Open wmxhw opened 4 months ago
Hi wmxhw@, can you try the same repro and share the profiler's output in a more recent grcp-go version (v1.61+)?
The server transport code has changed significantly since 1.51 was released in 2022.
@arjan-bal Thank you for your response. Even after switching to gRPC v1.64.0, I am still encountering the same problem.
Can you share the graph generated by the profiler for 1.64?
@arjan-bal
wmxhw@, the server code sleeps for 10 seconds after reading one message while the client code sleeps for 10 millis after sending each message. This means that the client can send 1000 message before the server reads 1. Since each message is of 1 Mb, this means that gRPC will need to buffer 1 Gb of messages till the application calls stream.Recv()
. The buffering would explain why the server's memory consumption is increasing by more than 100 Mb each second. After removing the sleep in the server side, the memory usage stayed around 50 Mb.
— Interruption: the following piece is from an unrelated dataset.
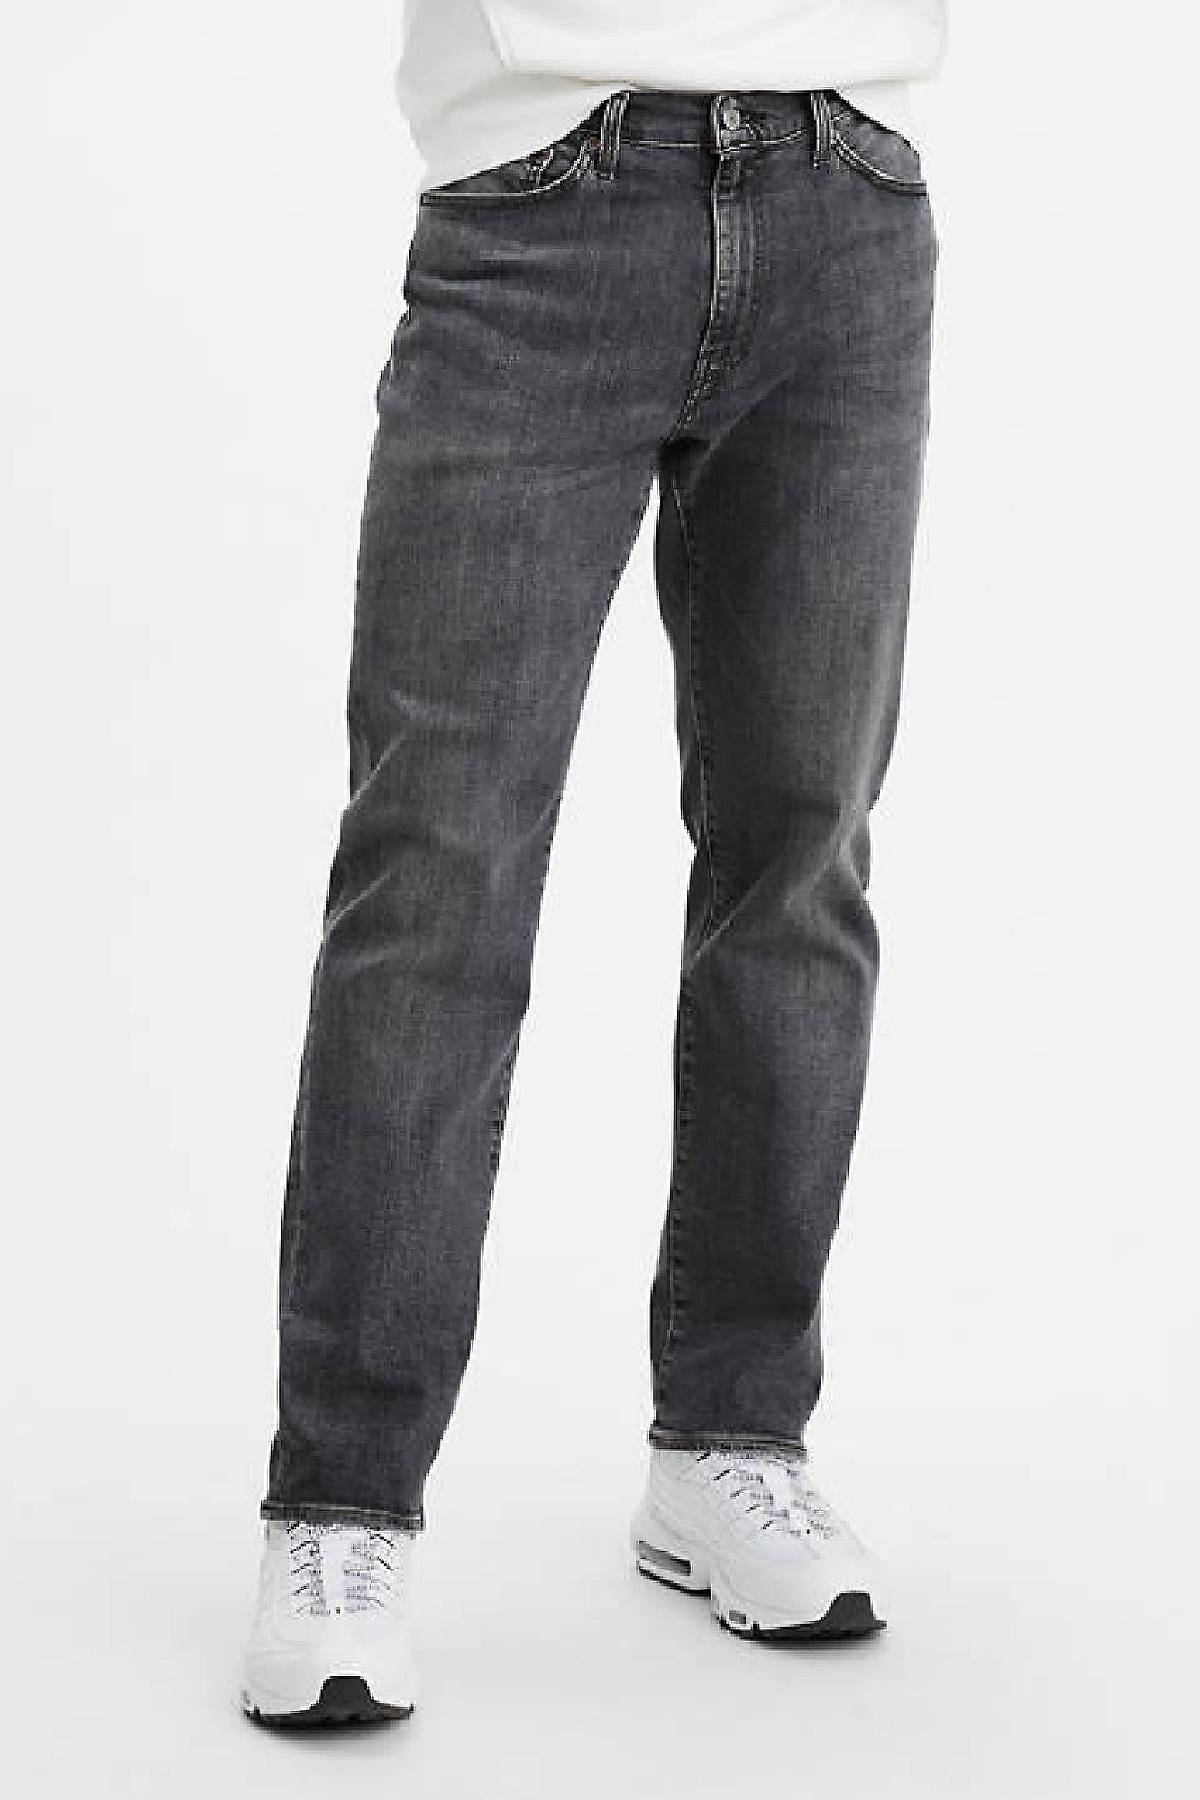 Model wearing 541™ Athletic Taper jeans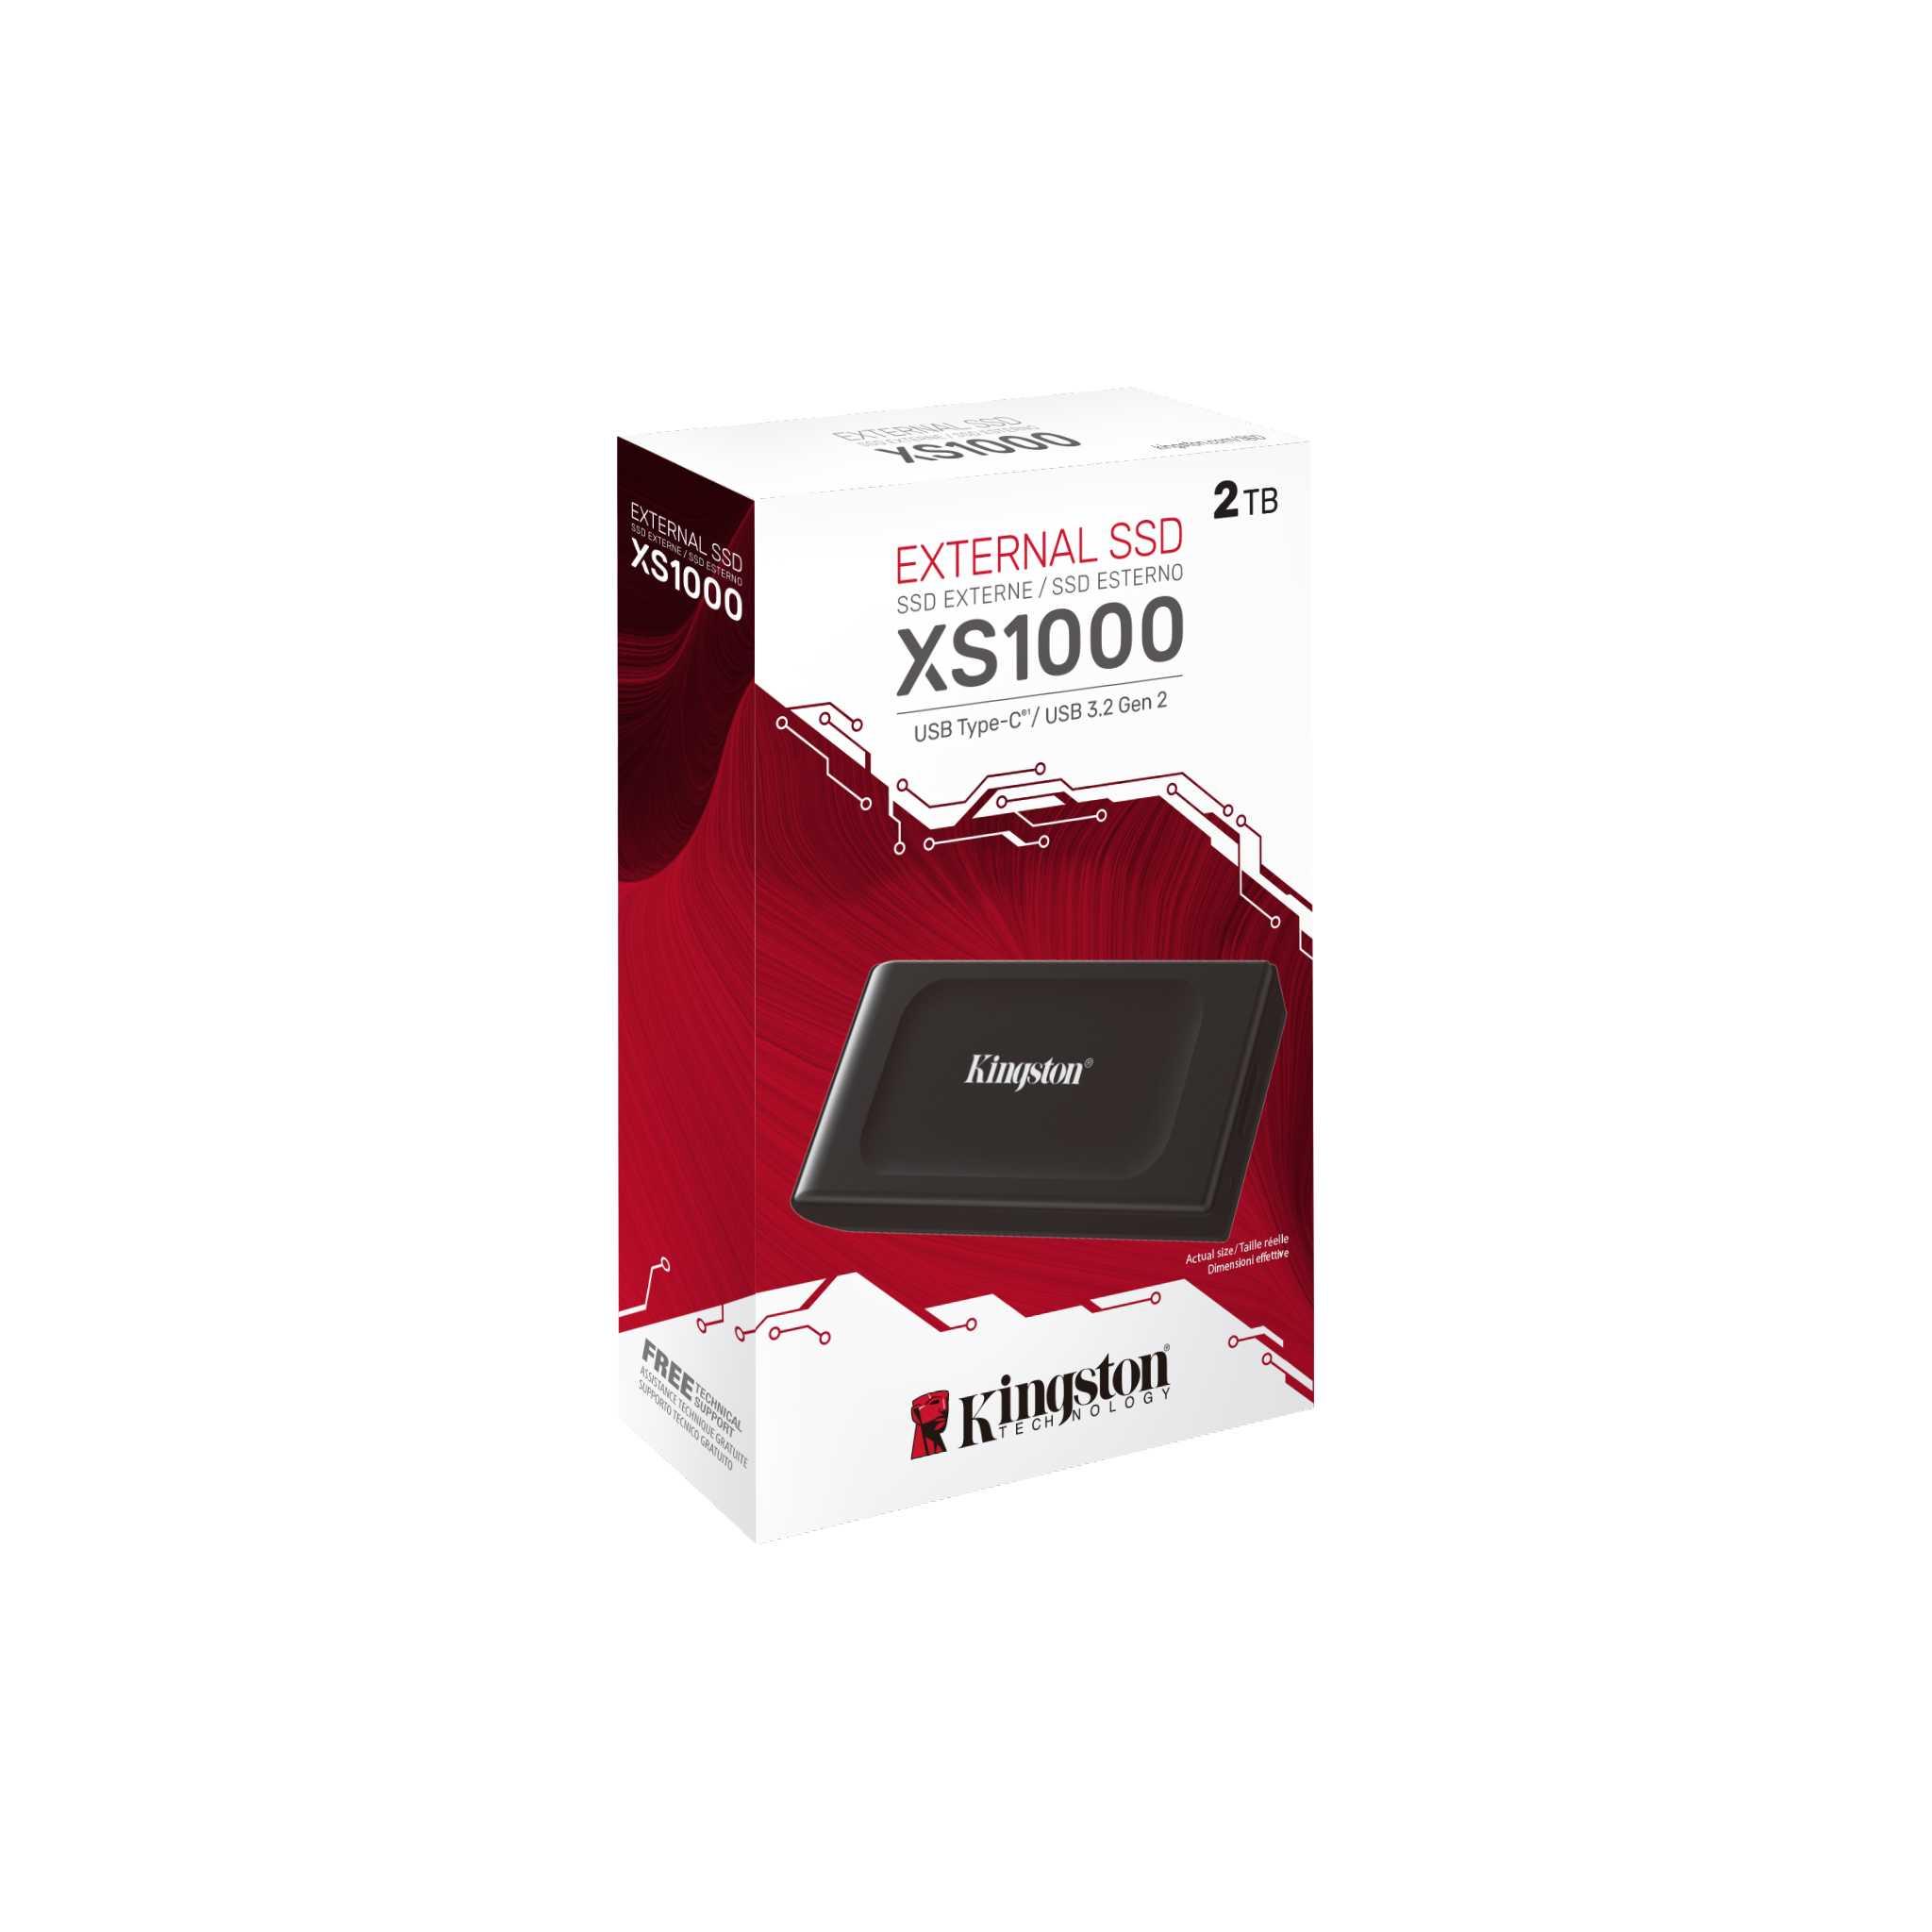 Външен SSD Kingston XS1000, 2TB, USB 3.2 Gen2 Type-C, Черен-3

If your aim is to only restrict the logging interval, you can do something like this:
{
logInterval := 10 * time.Second
lastLogTime := time.Time{}
for {
recv, err := stream.Recv()
if err == io.EOF {
break
}
if err != nil {
panic(err)
}
now := time.Now()
if now.Sub(lastLogTime) >= logInterval {
lastLogTime = now
fmt.Printf("Len: %d\n", len(recv.GetHello()))
}
}
return nil
}
Perhaps I didn't make it clear earlier. The example code above was just for testing. The actual scenario is that the client sends a large amount of data through the gRPC client-streaming mode, and the server needs to write the received data to the hard disk, Due to the slow writing speed of the hard drive,the memory leak mentioned earlier occurred. Can I understand that the stream mode of GRPC does not limit the upper limit of cached packets, and can only control traffic through negotiation between the client and server at the application layer? For example, using bidirectional streaming mode, the server can send an acknowledgment to the client when it completes writing to the hard disk, and the client can then send more data. Do you have any suggestions for this? @arjan-bal
Can you try letting grpc manage the listener?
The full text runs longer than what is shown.